London School of Public Relations

London School of Public Relations  //  London School of Public Relations is a leader in PR and Reputation Management training.

With our Posterous page we intend to share ideas, news, trends and best practice on the PR industry, in an easy, visual, friendly, convenient fashion. The way you wanted it.

Sep 17 / 7:11am

Twitter chats, are you missing out?

Characters-for-opportunity-web

 

Back in the days, you would need a lot of time, sharp networking, luck, and an Omnibus deal with a market research company to achieve what I did yesterday in one hour in Twitter.

 

#Prstuchat is just one of the many PR conversations that take place in Twitter and manage to gather PR pros and educators from all over the world. It is organized and moderated by Deirde Breakenbridge, PR 2.0 expert and coauthor of the must-read “Putting the public back in Public Relations”, along with Valerie Simon, successful PR professional and columnist.

 

Takeaways of the sessions will be available at Valerie Simon’s column at The examiner,  spoon fed by the author, and a full transcript is available here. However, I personally believe that real insight stems from having participated in real time, retweeted, replied, and bonded with your tweeps.

 

Although tweeting has some science behind it, is easy and painless to get doing it. Nevertheless, if you reckon the tweets resemble a mark-up code, or if you don't quite figure what to tweet about or what strategy undertake, drop me a line and we'll take it form there.

 

There are many other conversations happening right now, mere clicks away. Next time you ponder about doing a focus group, think twice. It is all about the people, it is all about the talk.

Sep 16 / 1:49am

The double-edge sword of product placement

The ban has been lifted. Be ready for your heroes munching a KitKat bar while they beat up villain, to your drama queen weeping on a Kleenex after being dumped and to your Coronation Street beloved characters boozing branded beer.

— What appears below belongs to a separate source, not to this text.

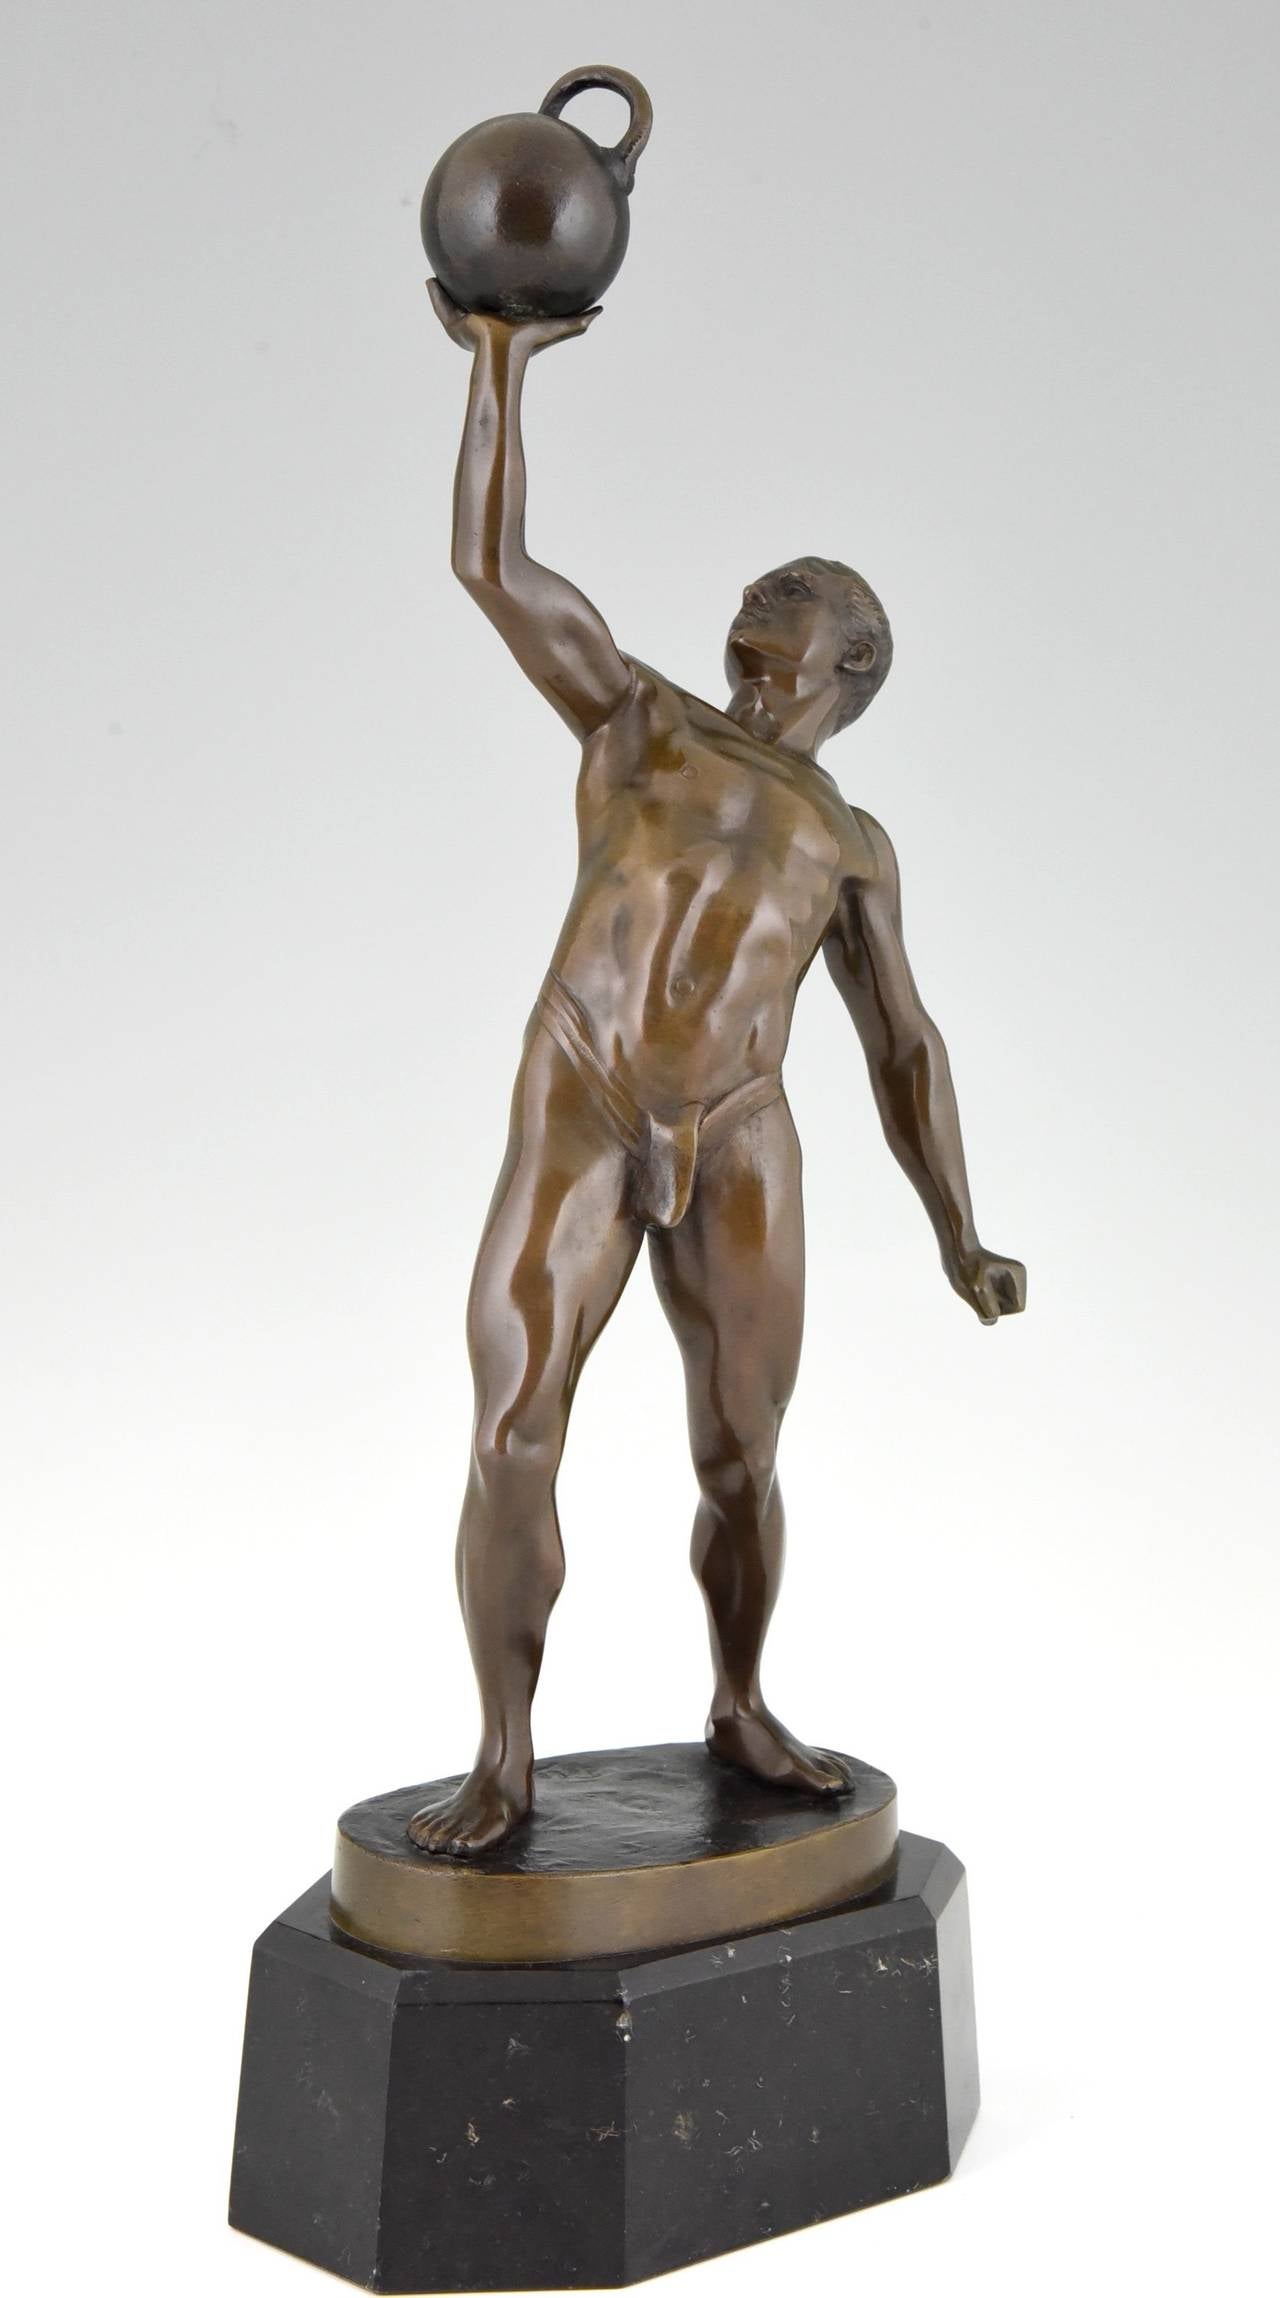 Patinated Antique Sculpture of a Male Nude Athlete with dumbbell by Peleschka 1900

If we believe ITV's spokespeople, product placement could only spell good news for the viewers, as further funding improves content (does it, though?).
We can't deny it will ease the broadcasters' budget, hit hard by the fall in advertising these past months. Product placement could bring 125 millions of pounds annually to the industry. So you can expect a few new swanky Porsche in ITV HQ anytime soon.

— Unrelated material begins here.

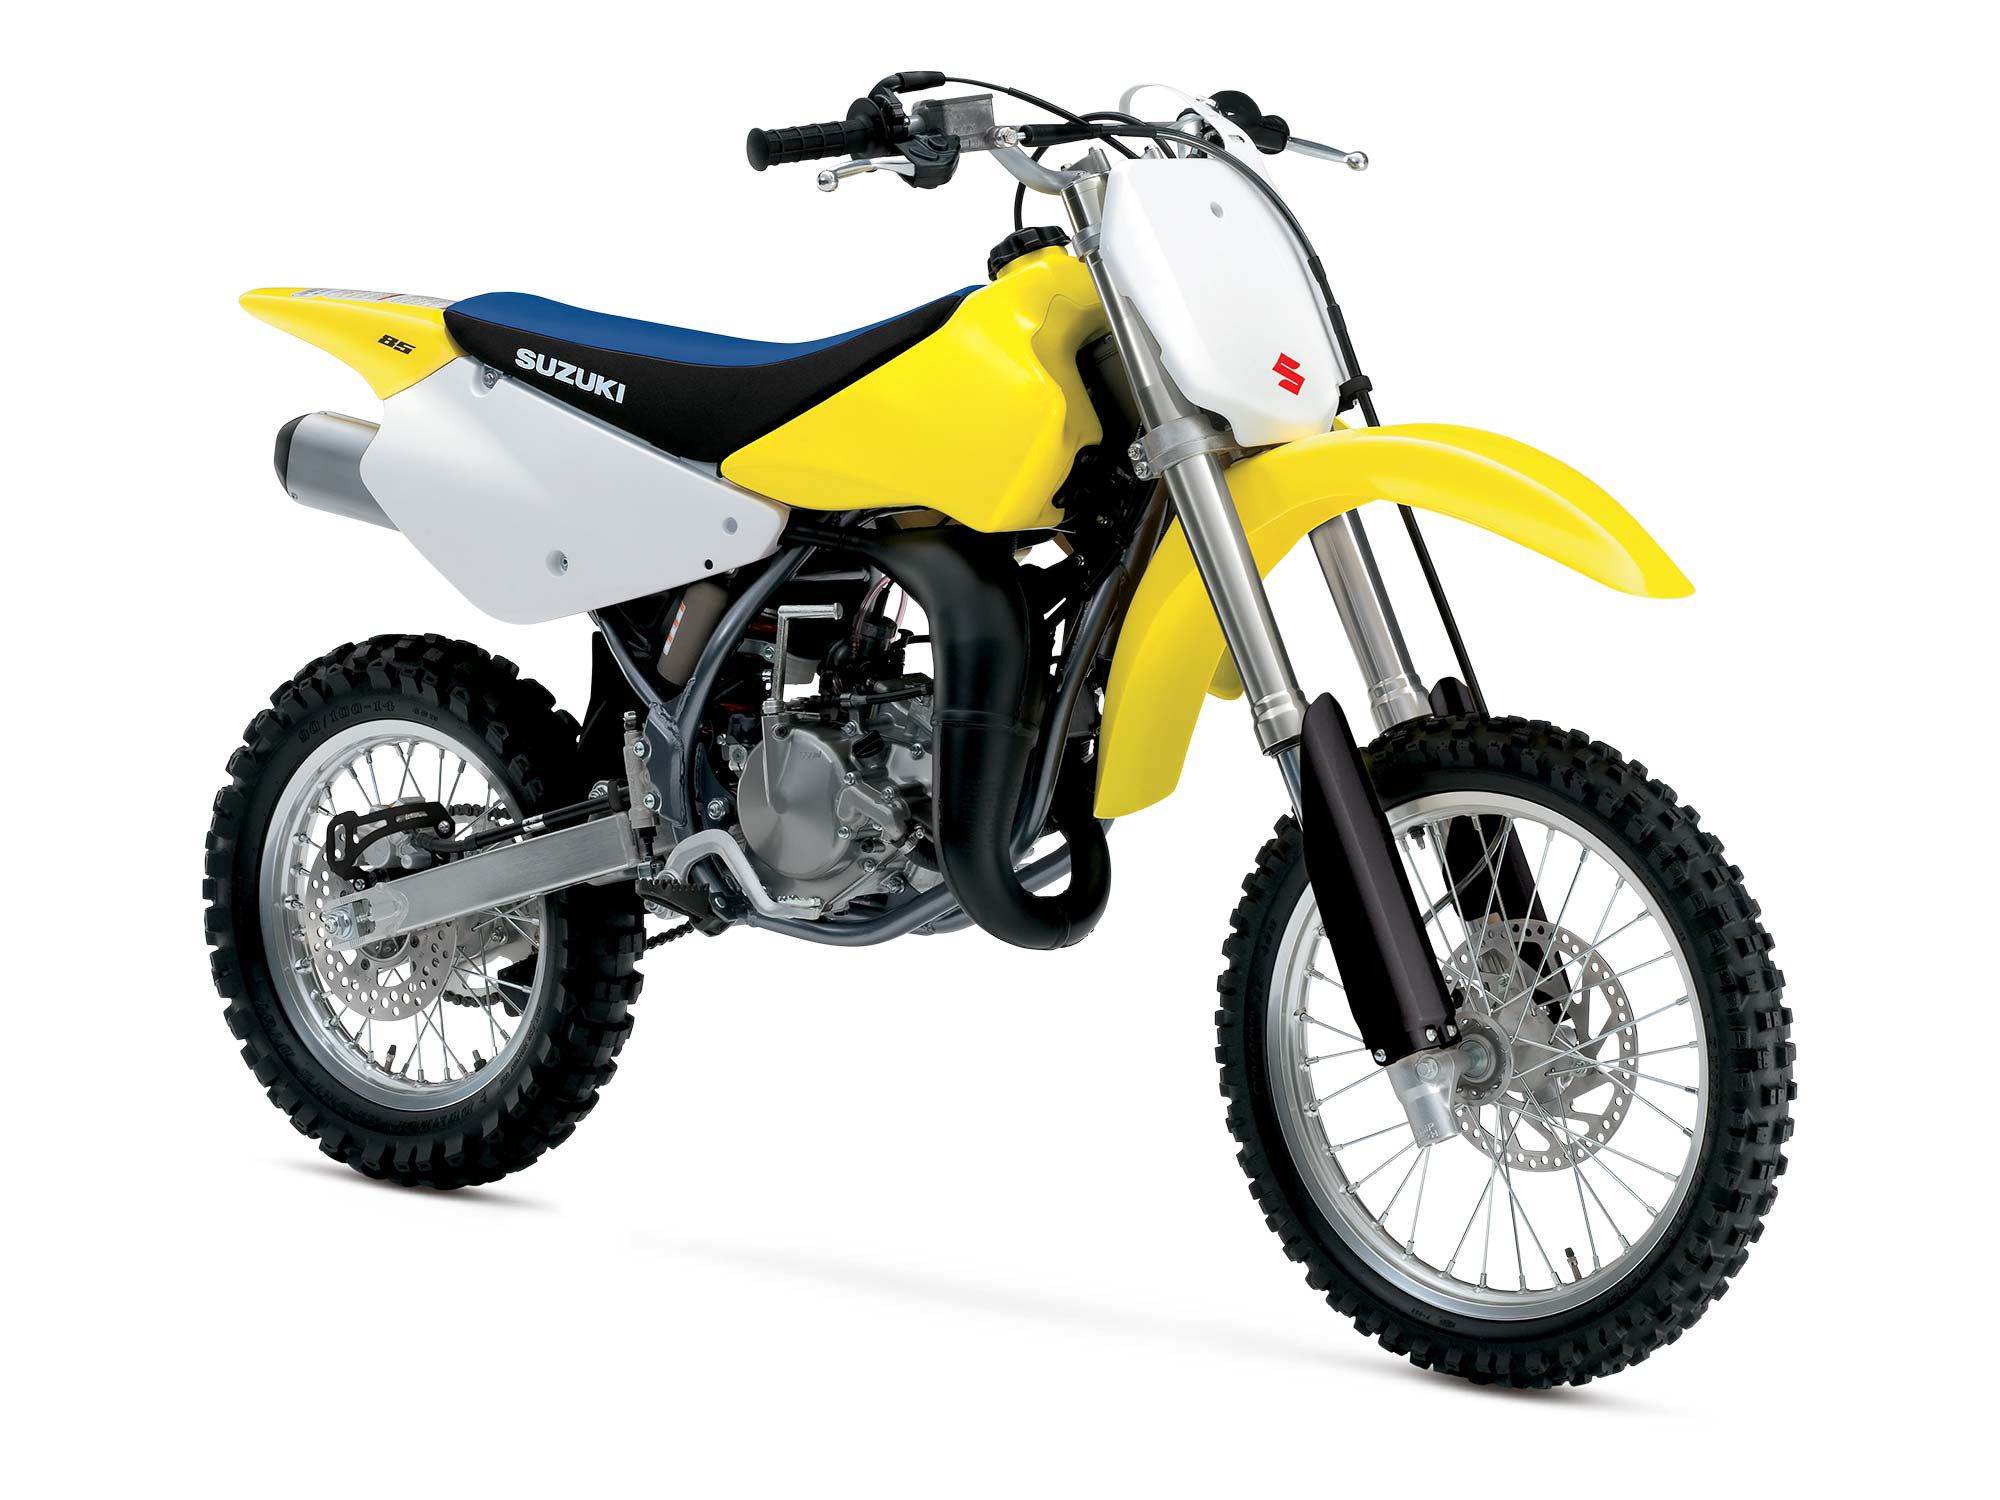 The 85cc motocross bikes are a natural progression up from 65cc.

however, if you are like the rest of us, product placement is not alien for you. It has been indeed a usual partner of Hollywood and U.S television, accounting for a rough 5% of the advertising revenue, a staggering 7bn dollars. 

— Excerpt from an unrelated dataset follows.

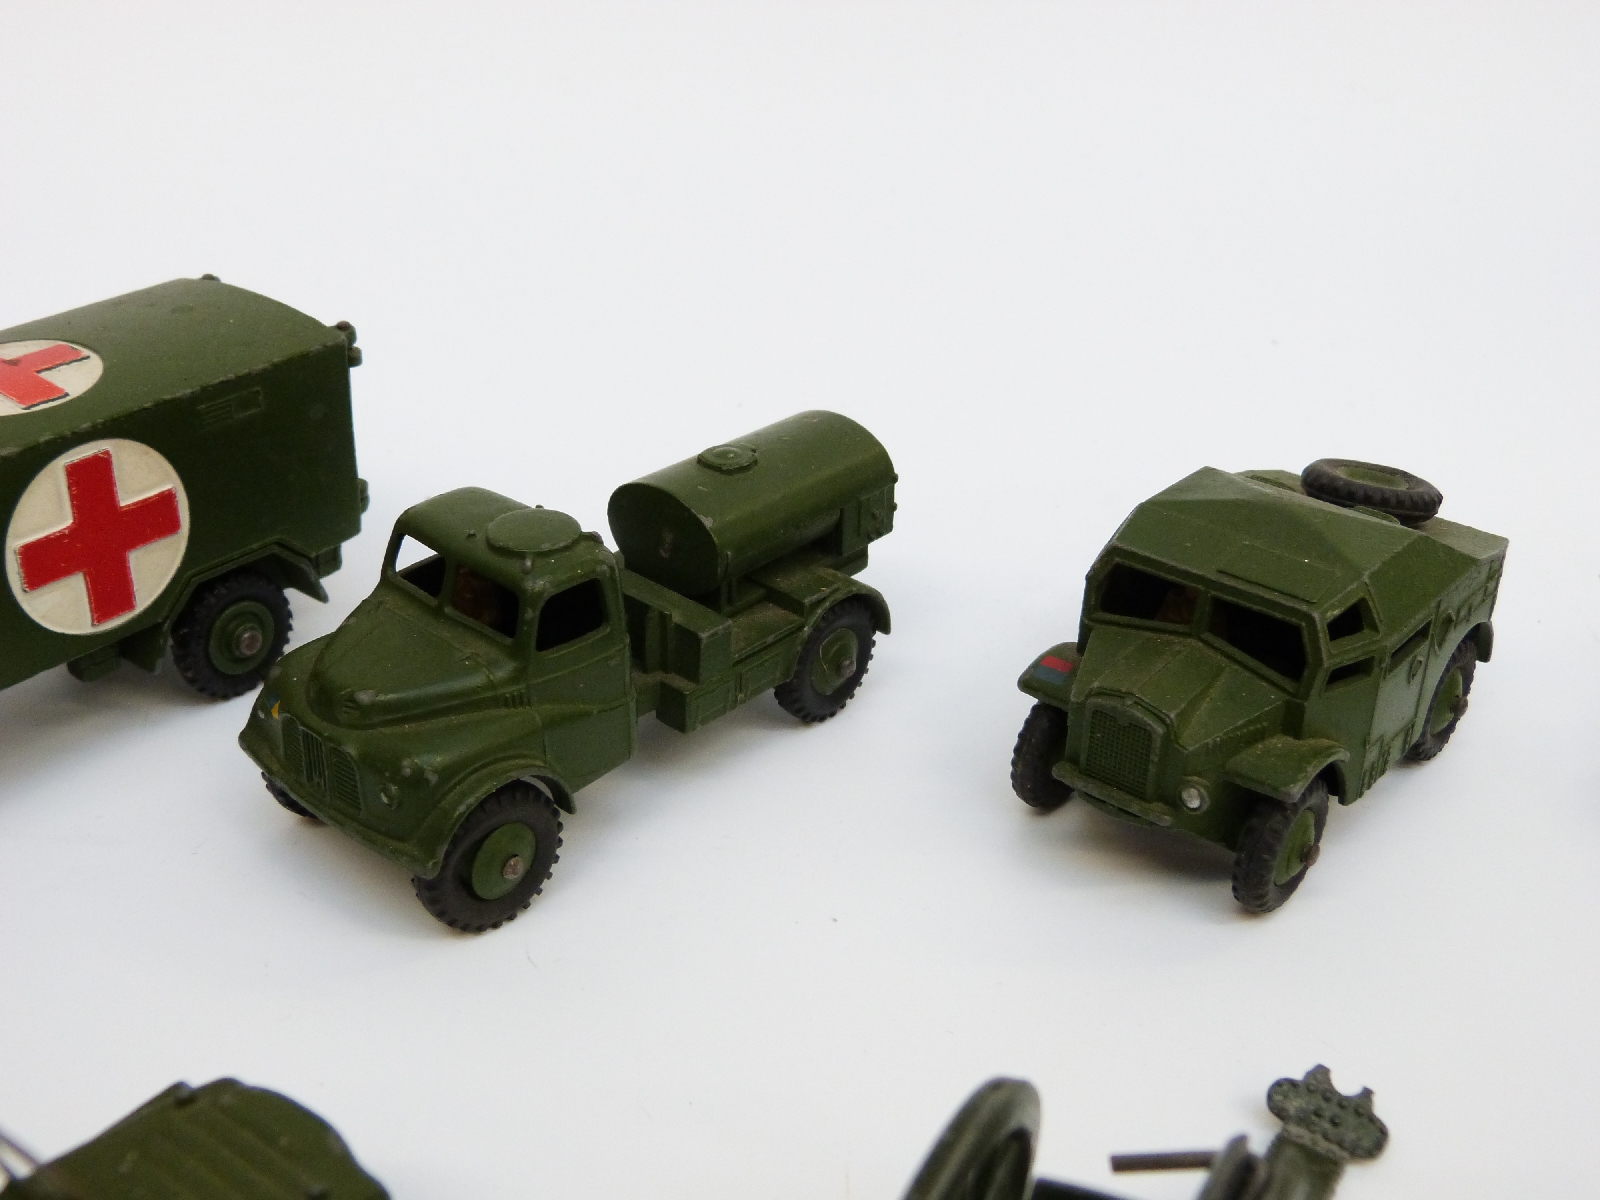 Ten Dinky Toys and Supertoys diecast model military vehicles including Military Ambulance, - Image 8 of 9

Considering those numbers, shall we take for granted that it works wonderfully? Not so fast...

Brain scanning conducted by Martin Lindstrom in 2007 showed that while some product placement pays off, other may be a complete waste of money. Namely, he evidenced that, in American Idol, two similar deals produced disparate results. Having spent 35 millions of dollars each, Cocacola resonated in the audiences and performed well in memory and likeliness whereas Ford failed to produce any positive results.

What this brand guru draws as a conclusion is that product placement needs to be natural and well tied in with the plot story. This dovetails with the shocking rise of Rayban glasses after Men in Black or the jump in sales of Reese's Pieces after the airing of E.T. What is more, this kind of well-understood placement is less annoying that the cut and paste we are used to. Never forget that 36% of the audience finds product placement disturbing and that a bad association may arise if you don't get it right.

Sep 10 / 2:22am

Those essential PR books...#1 New rules of Marketing and PR

Images

We all are hearing that Marketing and PR has dramatically changed. You may turn a blind eye at it, but while newspapers struggle to do business as usual and yesterday’s spin doctors are today’s bloggers, how long will it take you to own up to it?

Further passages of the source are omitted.